Every line of the material must come back exactly as given.
*****
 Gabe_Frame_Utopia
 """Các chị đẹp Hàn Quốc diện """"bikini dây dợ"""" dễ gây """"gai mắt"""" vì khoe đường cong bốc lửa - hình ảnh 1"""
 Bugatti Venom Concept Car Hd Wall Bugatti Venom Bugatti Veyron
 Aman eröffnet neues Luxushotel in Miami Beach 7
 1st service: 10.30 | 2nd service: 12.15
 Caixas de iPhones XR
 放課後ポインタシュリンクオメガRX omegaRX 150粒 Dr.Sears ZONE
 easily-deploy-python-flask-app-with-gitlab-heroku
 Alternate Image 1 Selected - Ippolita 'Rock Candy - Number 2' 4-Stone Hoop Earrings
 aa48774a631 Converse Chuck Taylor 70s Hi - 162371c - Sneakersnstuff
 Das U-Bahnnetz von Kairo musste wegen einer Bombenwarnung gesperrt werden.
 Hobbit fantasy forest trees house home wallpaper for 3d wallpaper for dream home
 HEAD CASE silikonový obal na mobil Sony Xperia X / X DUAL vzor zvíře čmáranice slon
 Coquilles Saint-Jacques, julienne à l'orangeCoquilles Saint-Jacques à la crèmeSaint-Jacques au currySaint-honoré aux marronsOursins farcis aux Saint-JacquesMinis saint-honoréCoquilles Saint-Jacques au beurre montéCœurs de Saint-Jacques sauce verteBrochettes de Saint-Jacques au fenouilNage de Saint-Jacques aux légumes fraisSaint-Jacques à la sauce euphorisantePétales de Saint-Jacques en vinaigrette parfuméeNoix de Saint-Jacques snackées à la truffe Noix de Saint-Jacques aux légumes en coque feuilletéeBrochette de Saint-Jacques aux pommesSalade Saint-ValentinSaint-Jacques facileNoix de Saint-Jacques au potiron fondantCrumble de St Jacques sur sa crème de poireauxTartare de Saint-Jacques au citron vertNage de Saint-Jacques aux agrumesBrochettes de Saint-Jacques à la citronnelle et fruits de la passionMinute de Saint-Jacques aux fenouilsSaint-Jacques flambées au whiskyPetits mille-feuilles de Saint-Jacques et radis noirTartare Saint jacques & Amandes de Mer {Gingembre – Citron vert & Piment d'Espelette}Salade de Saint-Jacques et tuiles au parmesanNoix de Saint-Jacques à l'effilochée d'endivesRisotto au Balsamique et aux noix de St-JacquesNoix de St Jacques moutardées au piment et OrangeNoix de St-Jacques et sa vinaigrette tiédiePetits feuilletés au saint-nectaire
*****
**Solution to this problem:**
 Gabe_Frame_Utopia
 """Các chị đẹp Hàn Quốc diện """"bikini dây dợ"""" dễ gây """"gai mắt"""" vì khoe đường cong bốc lửa - hình ảnh 1"""
 Bugatti Venom Concept Car Hd Wall Bugatti Venom Bugatti Veyron
 Aman eröffnet neues Luxushotel in Miami Beach 7
 1st service: 10.30 | 2nd service: 12.15
 Caixas de iPhones XR
 放課後ポインタシュリンクオメガRX omegaRX 150粒 Dr.Sears ZONE
 easily-deploy-python-flask-app-with-gitlab-heroku
 Alternate Image 1 Selected - Ippolita 'Rock Candy - Number 2' 4-Stone Hoop Earrings
 aa48774a631 Converse Chuck Taylor 70s Hi - 162371c - Sneakersnstuff
 Das U-Bahnnetz von Kairo musste wegen einer Bombenwarnung gesperrt werden.
 Hobbit fantasy forest trees house home wallpaper for 3d wallpaper for dream home
 HEAD CASE silikonový obal na mobil Sony Xperia X / X DUAL vzor zvíře čmáranice slon
 Coquilles Saint-Jacques, julienne à l'orangeCoquilles Saint-Jacques à la crèmeSaint-Jacques au currySaint-honoré aux marronsOursins farcis aux Saint-JacquesMinis saint-honoréCoquilles Saint-Jacques au beurre montéCœurs de Saint-Jacques sauce verteBrochettes de Saint-Jacques au fenouilNage de Saint-Jacques aux légumes fraisSaint-Jacques à la sauce euphorisantePétales de Saint-Jacques en vinaigrette parfuméeNoix de Saint-Jacques snackées à la truffe Noix de Saint-Jacques aux légumes en coque feuilletéeBrochette de Saint-Jacques aux pommesSalade Saint-ValentinSaint-Jacques facileNoix de Saint-Jacques au potiron fondantCrumble de St Jacques sur sa crème de poireauxTartare de Saint-Jacques au citron vertNage de Saint-Jacques aux agrumesBrochettes de Saint-Jacques à la citronnelle et fruits de la passionMinute de Saint-Jacques aux fenouilsSaint-Jacques flambées au whiskyPetits mille-feuilles de Saint-Jacques et radis noirTartare Saint jacques & Amandes de Mer {Gingembre – Citron vert & Piment d'Espelette}Salade de Saint-Jacques et tuiles au parmesanNoix de Saint-Jacques à l'effilochée d'endivesRisotto au Balsamique et aux noix de St-JacquesNoix de St Jacques moutardées au piment et OrangeNoix de St-Jacques et sa vinaigrette tiédiePetits feuilletés au saint-nectaire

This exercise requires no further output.